_INSTRUCTIONS TO FOLLOW_: Below, find the line containing "Phaetonellus 1.26 in." and the line containing "MRI scans, 15 x UHQ JPEG"; reproduce exactly those two and every line between them, omitting pictures.
*** PROVIDED RECORDS Section Begins ***
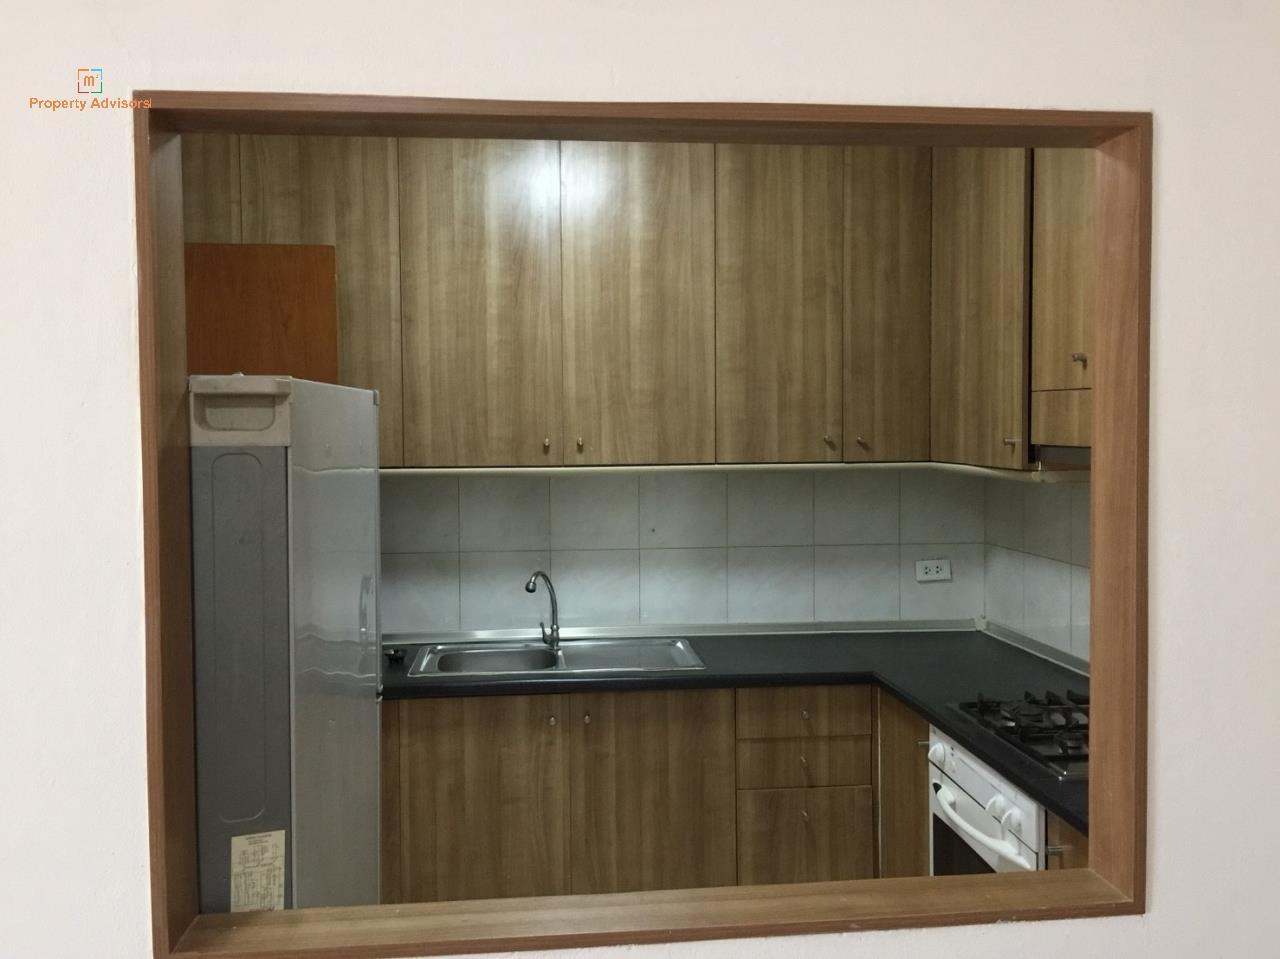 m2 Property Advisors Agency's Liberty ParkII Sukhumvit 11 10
*** PROVIDED RECORDS Section Ends ***
*** PROVIDED RECORDS Section Begins ***
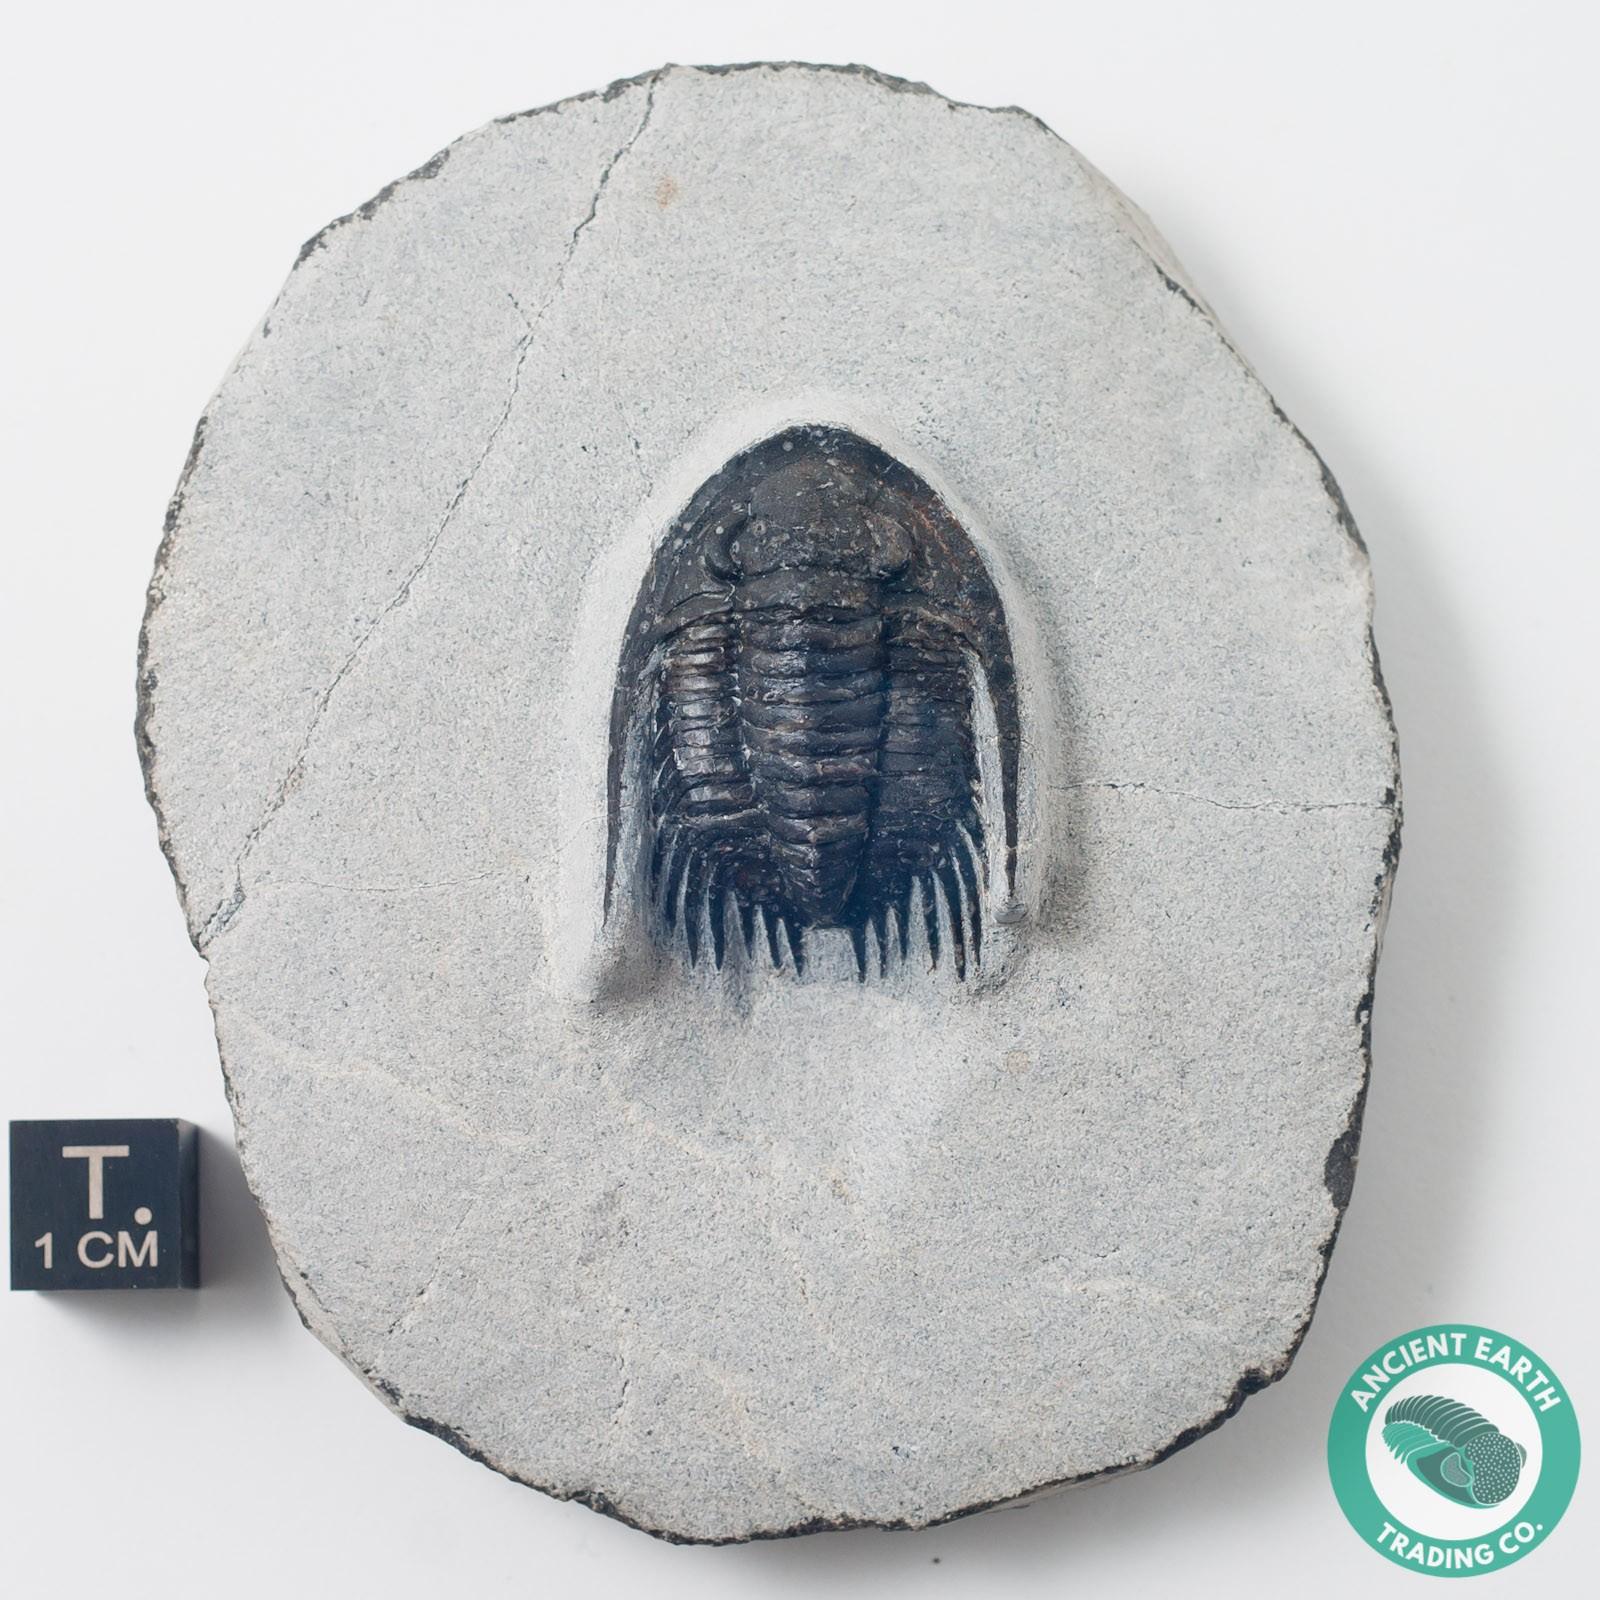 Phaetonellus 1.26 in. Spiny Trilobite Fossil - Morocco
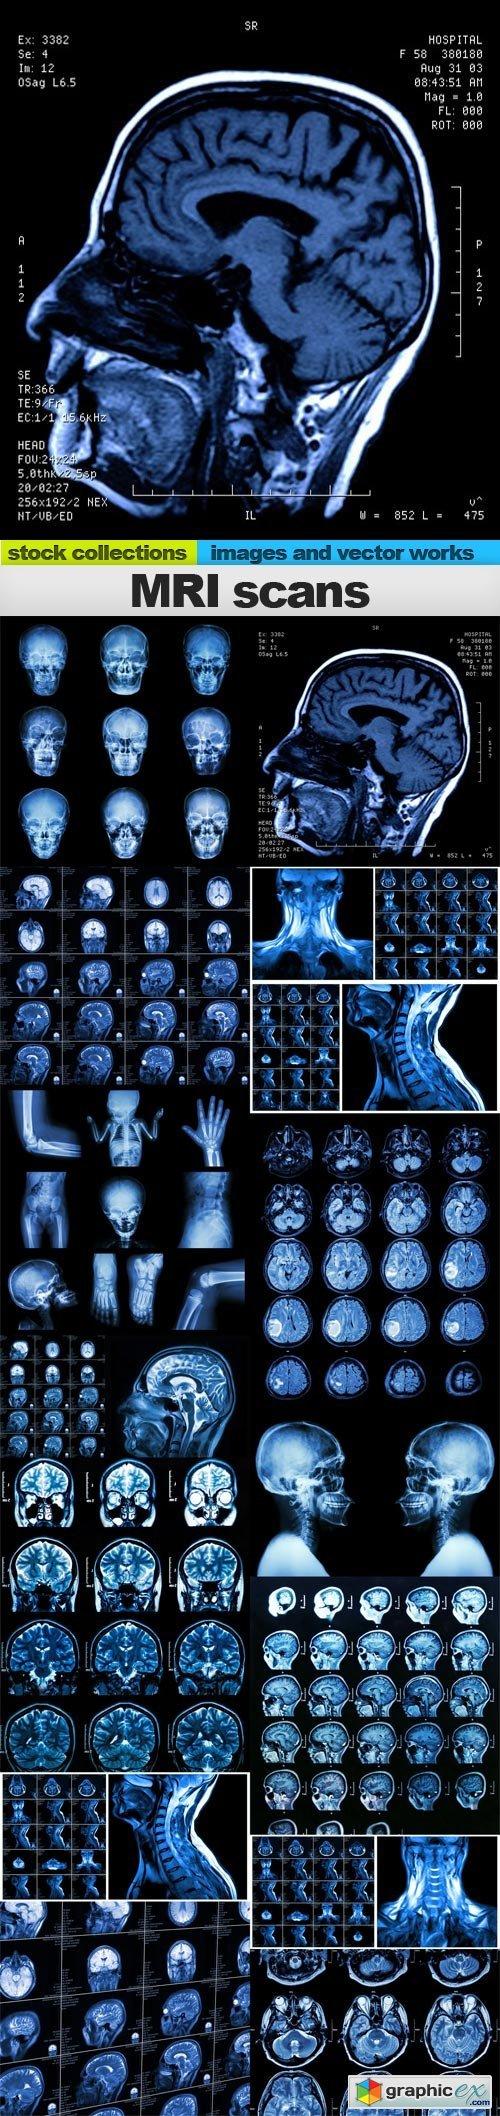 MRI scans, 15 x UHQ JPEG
*** PROVIDED RECORDS Section Ends ***
*** PROVIDED RECORDS Section Begins ***
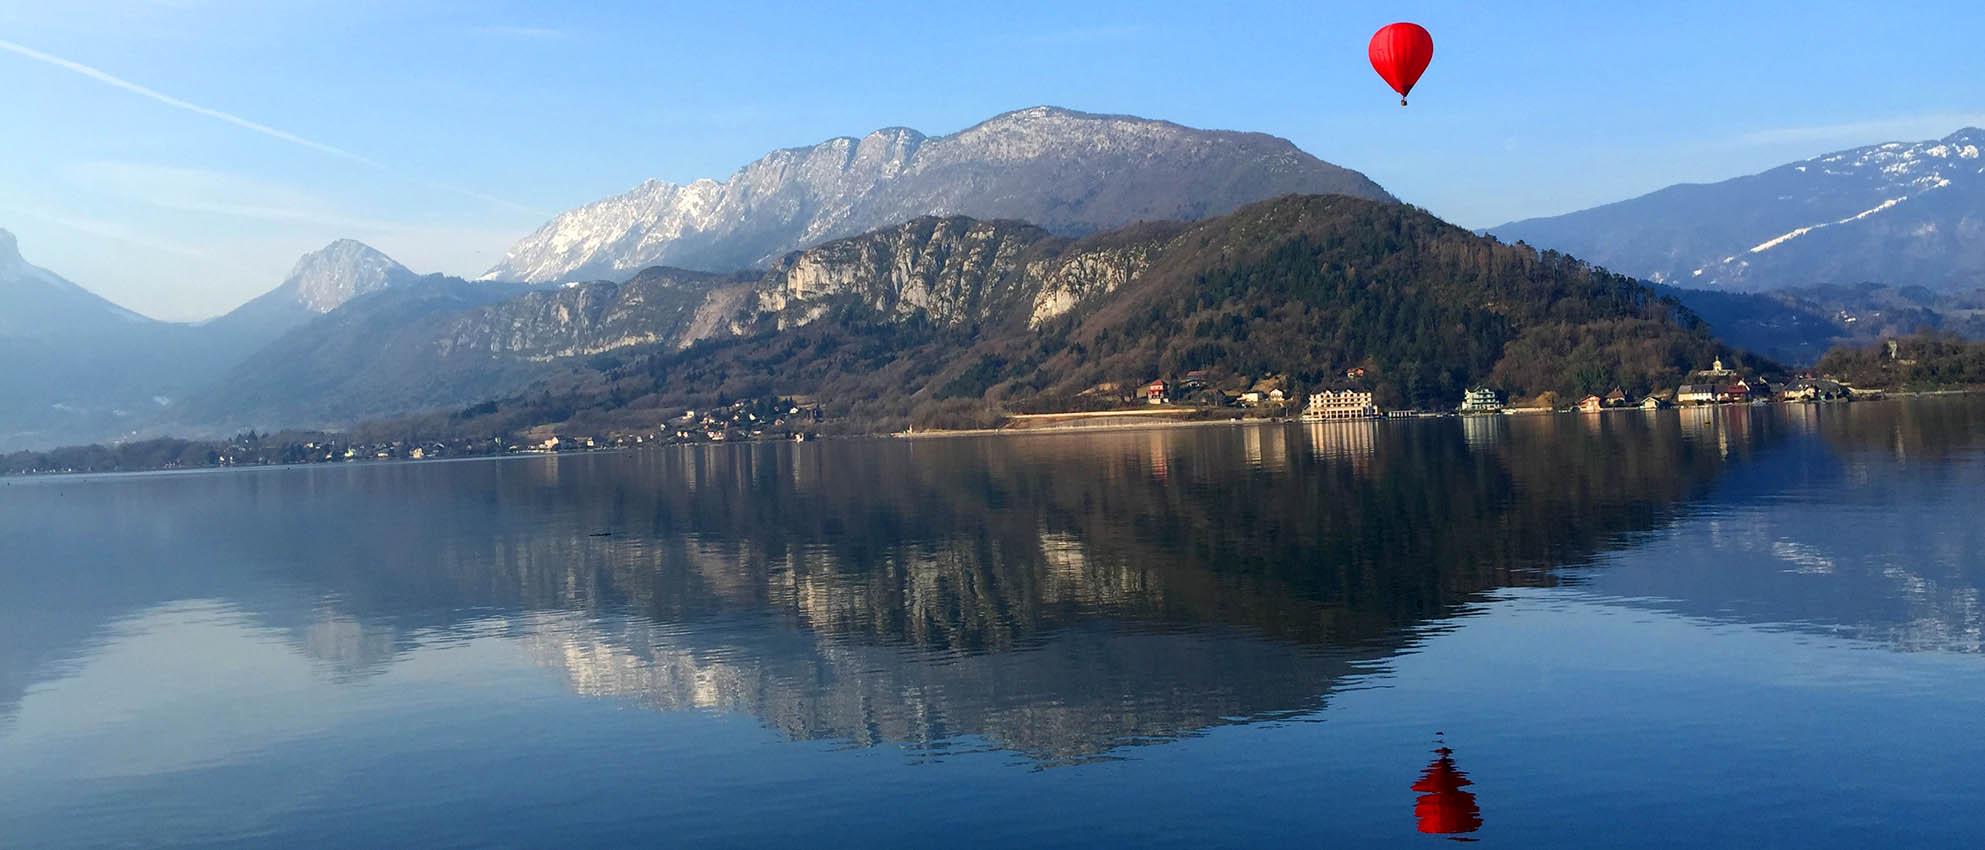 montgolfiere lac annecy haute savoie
*** PROVIDED RECORDS Section Ends ***
_WRITTEN ANSWER_:
 Phaetonellus 1.26 in. Spiny Trilobite Fossil - Morocco
 MRI scans, 15 x UHQ JPEG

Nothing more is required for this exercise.